I took it as literal error message originally but they just mean status
code by it.

While we're on the subject, what's the reason for disallowing a sample
size of zero? Seems like a reasonable edge case.

Yes that's a bug.

/* All blocks have been read, we're done */
if (sampler->doneblocks > sampler->nblocks ||
sampler->donetuples >= sampler->ntuples)
PG_RETURN_UINT32(InvalidBlockNumber);

Okay, I lied, I *am* going to complain about this comment. Comments that
do not accurately describe the code they're attached to are worse than
useless.

That's copy-pasto from the tsm_system_time.

In short, I'd do something more like

uint32 r;

/* Safety check to avoid infinite loop or zero result for small n. */
if (n <= 1)
return 1;

/*
* This should only take 2 or 3 iterations as the probability of 2 numbers
* being relatively prime is ~61%; but just in case, we'll include a
* CHECK_FOR_INTERRUPTS in the loop.
*/
do {
CHECK_FOR_INTERRUPTS();
r = (uint32) (sampler_random_fract(randstate) * n);
} while (r == 0 || gcd(r, n) > 1);

Note however that this coding would result in an unpredictable number
of iterations of the RNG, which might not be such a good thing if we're
trying to achieve repeatability. It doesn't matter in the context of
this module since the RNG is not used after initialization, but it would
matter if we then went on to do Bernoulli-style sampling. (Possibly that
could be dodged by reinitializing the RNG after the initialization steps.)

Bernoulli-style sampling does not need this kind of code so it's not
really an issue. That is unless you'd like to combine the linear probing
and bernoulli of course, but I don't see any benefit in doing that.

--
Petr Jelinek http://www.2ndQuadrant.com/
PostgreSQL Development, 24x7 Support, Training & Services

--
Sent via pgsql-hackers mailing list (pgsql-hackers@postgresql.org)
To make changes to your subscription:
http://www.postgresql.org/mailpref/pgsql-hackers

#15Petr Jelinek
petr@2ndquadrant.com
In reply to: Tom Lane (#5)
Re: TABLESAMPLE patch is really in pretty sad shape

On 2015-07-13 18:00, Tom Lane wrote:

And here's that. I do *not* claim that this is a complete list of design
issues with the patch, it's just things I happened to notice in the amount
of time I've spent so far (which is already way more than I wanted to
spend on TABLESAMPLE right now).

I'm not sure that we need an extensible sampling-method capability at all,
let alone that an API for that needs to be the primary focus of a patch.
Certainly the offered examples of extension modules aren't inspiring:
tsm_system_time is broken by design (more about that below) and nobody
would miss tsm_system_rows if it weren't there.
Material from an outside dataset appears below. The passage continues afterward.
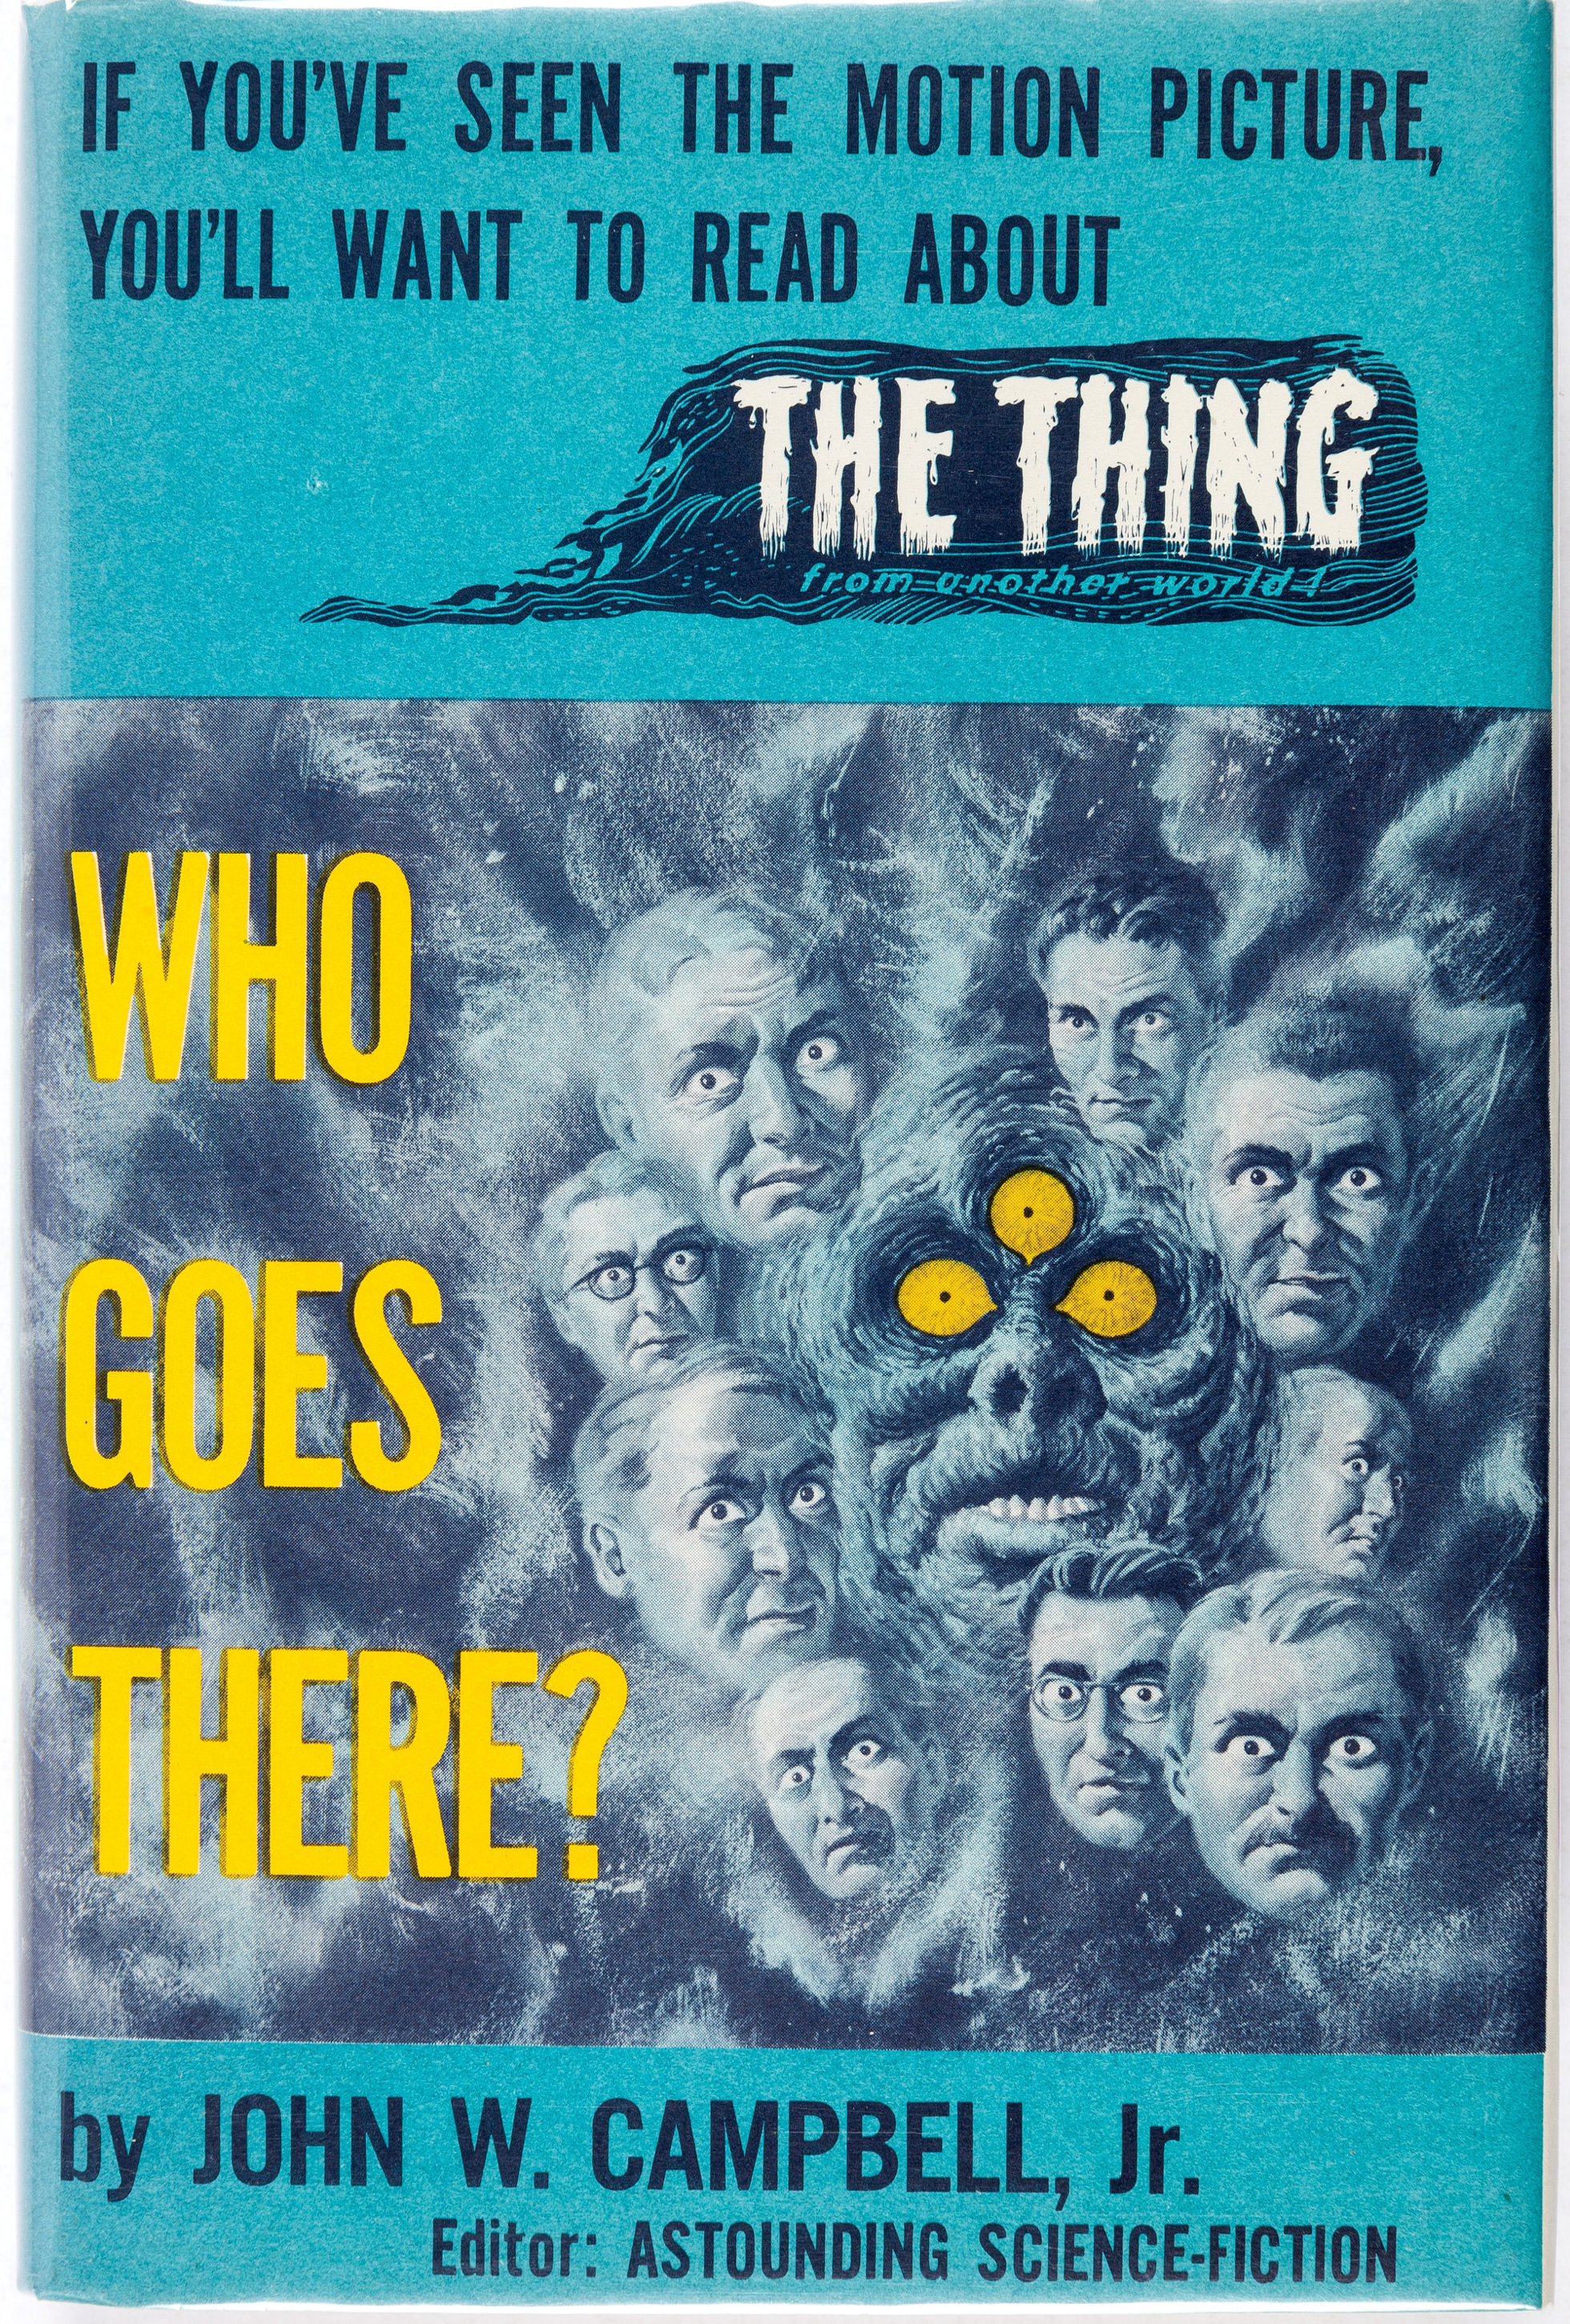 Who Goes There? ala The Thing from Another World by John W. Campbell Jr. book cover

What is far more
important is to get sampling capability into indexscans, and designing
an API ahead of time seems like mostly a distraction from that.

I'd think seriously about tossing the entire executor-stage part of the
patch, creating a stateless (history-independent) sampling filter that
just accepts or rejects TIDs, and sticking calls to that into all the
table scan node types. Once you had something like that working well
it might be worth considering whether to try to expose an API to
generalize it. But even then it's not clear that we really need any
more options than true-Bernoulli and block-level sampling.
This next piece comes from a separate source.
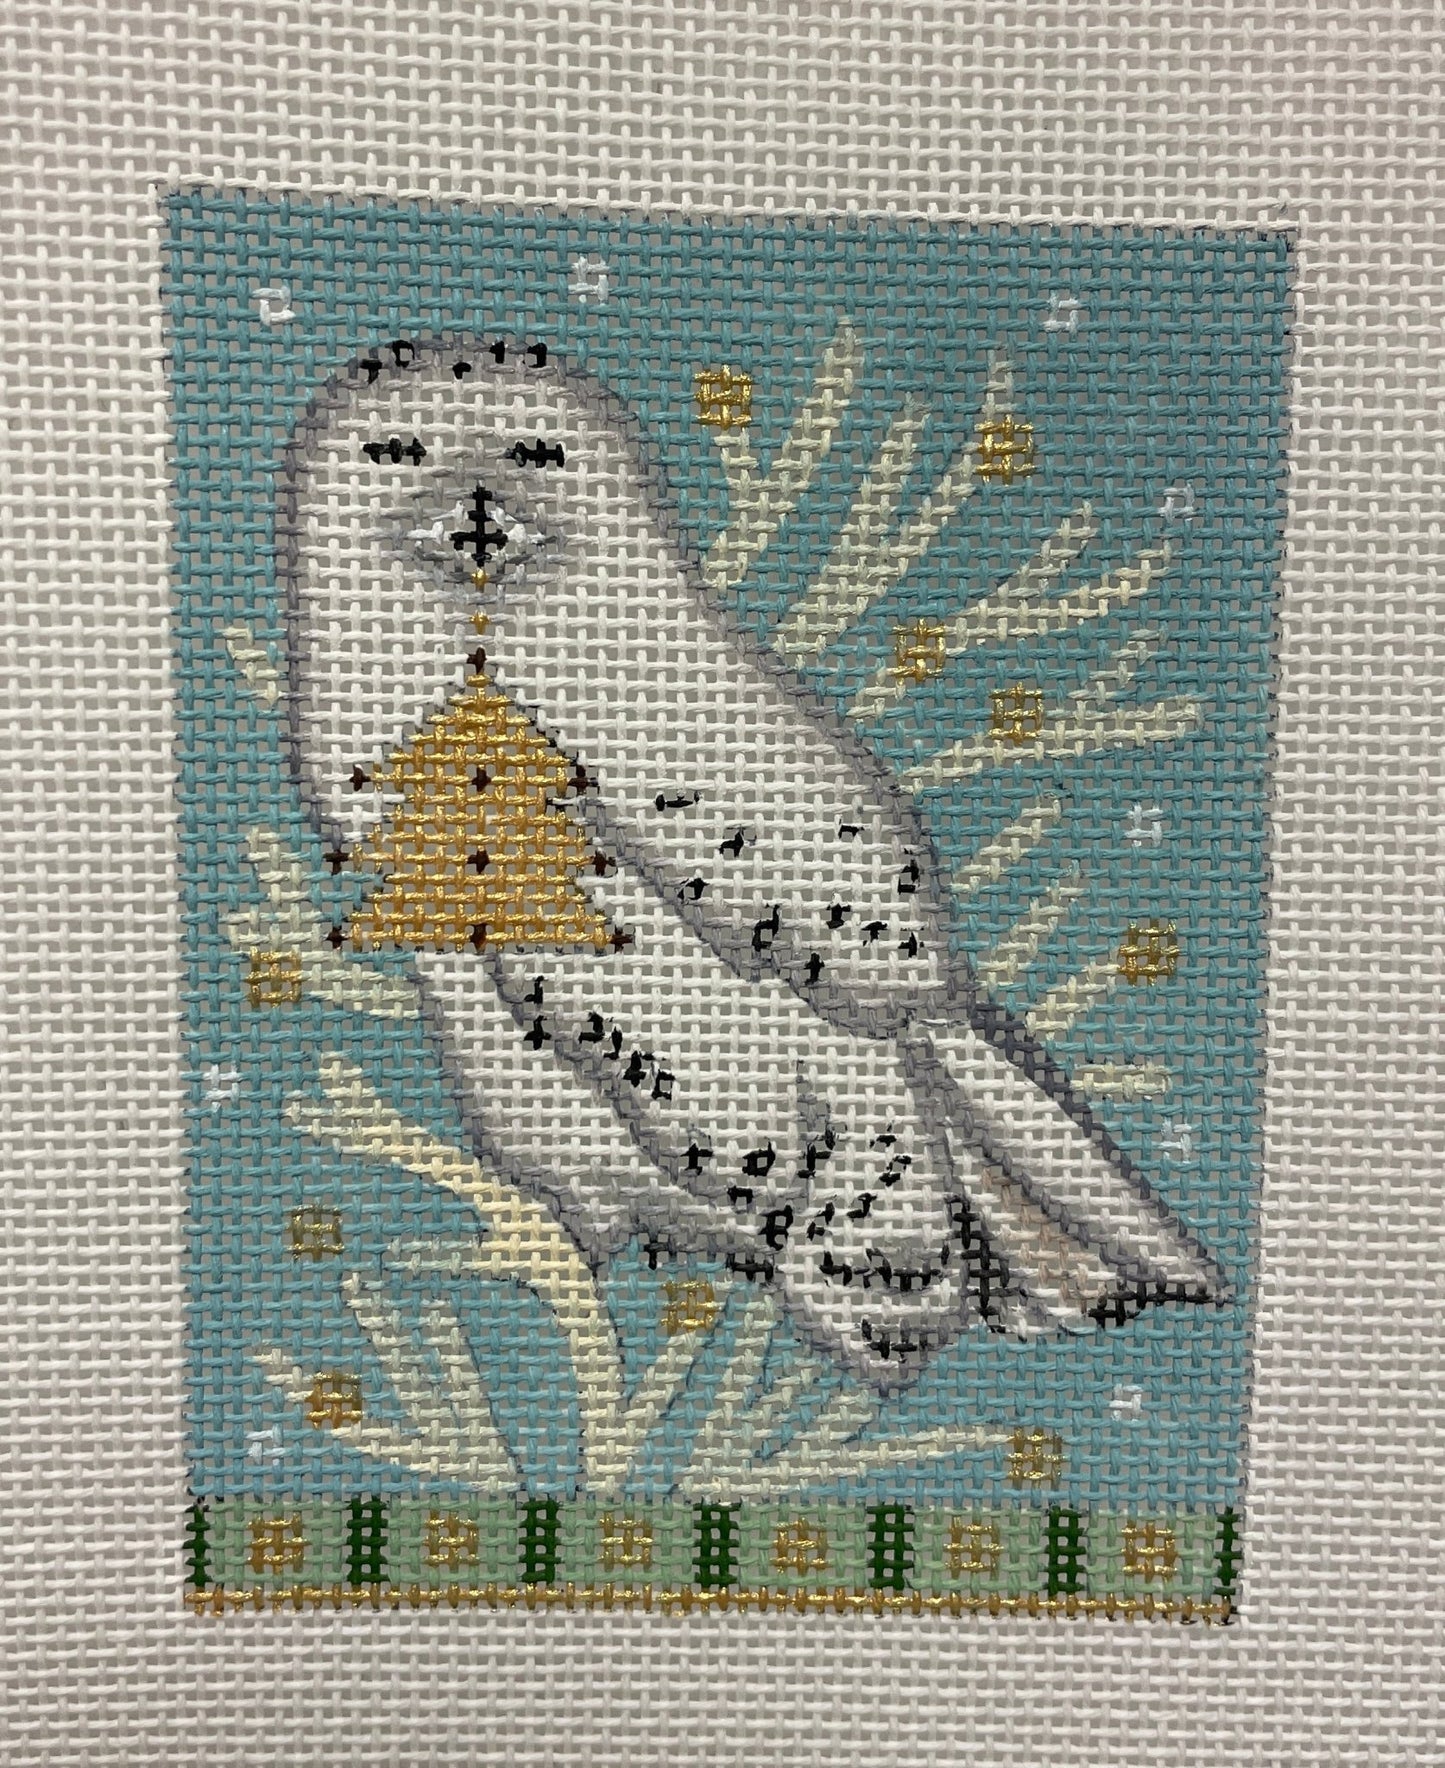 Snowy Owl - The Flying Needles

I think this is not really API issue as much as opposite approach on
what to implement first. I prioritized in first iteration for the true
block sampling support as that's what I've been mostly asked for.

But my plan was to have at same later stage (9.6+) also ability to do
subquery scans etc. Basically new SamplingFilter executor node which
would pass the tuples to examinetuple() which would then decide what to
do with it. The selection between using nextblock/nexttuple and
examinetuple was supposed to be extension of the API where the sampling
method would say if it supports examinetuple or nextblock/nexttuple or
both. And eventually I wanted to rewrite bernoulli to just use the
examinetuple() on top of whatever scan once this additional support was
in. I think I explained this during the review stage.

The IBM paper I linked to in the other thread mentions that their
optimizer will sometimes choose to do Bernoulli sampling even if SYSTEM
was requested. Probably that happens when it decides to do a simple
indexscan, because then there's no advantage to trying to cluster the

Yeah it happens when there is an index which is used in WHERE clause and
has bigger selectivity than the percentage specified in the TABLESAMPLE
clause. This of course breaks one of the common use-case though:
SELECT count(*) * 100 FROM table TABLESAMPLE SYSTEM(1) WHERE foo = bar;

sampled rows.  But in the case of a bitmap scan, you could very easily do
either true Bernoulli or block-level sampling simply by adjusting the
rules about which bits you keep or clear in the bitmap (given that you
apply the filter between collection of the index bitmap and accessing the
heap, which seems natural).  The only case where a special scan type
really seems to be needed is if you want block-level sampling, the query
would otherwise use a seqscan, *and* the sampling percentage is pretty low
--- if you'd be reading every second or third block anyway, you're likely
better off with a plain seqscan so that the kernel sees sequential access
and does prefetching.  The current API doesn't seem to make it possible to
switch between seqscan and read-only-selected-blocks based on the sampling
percentage, but I think that could be an interesting optimization.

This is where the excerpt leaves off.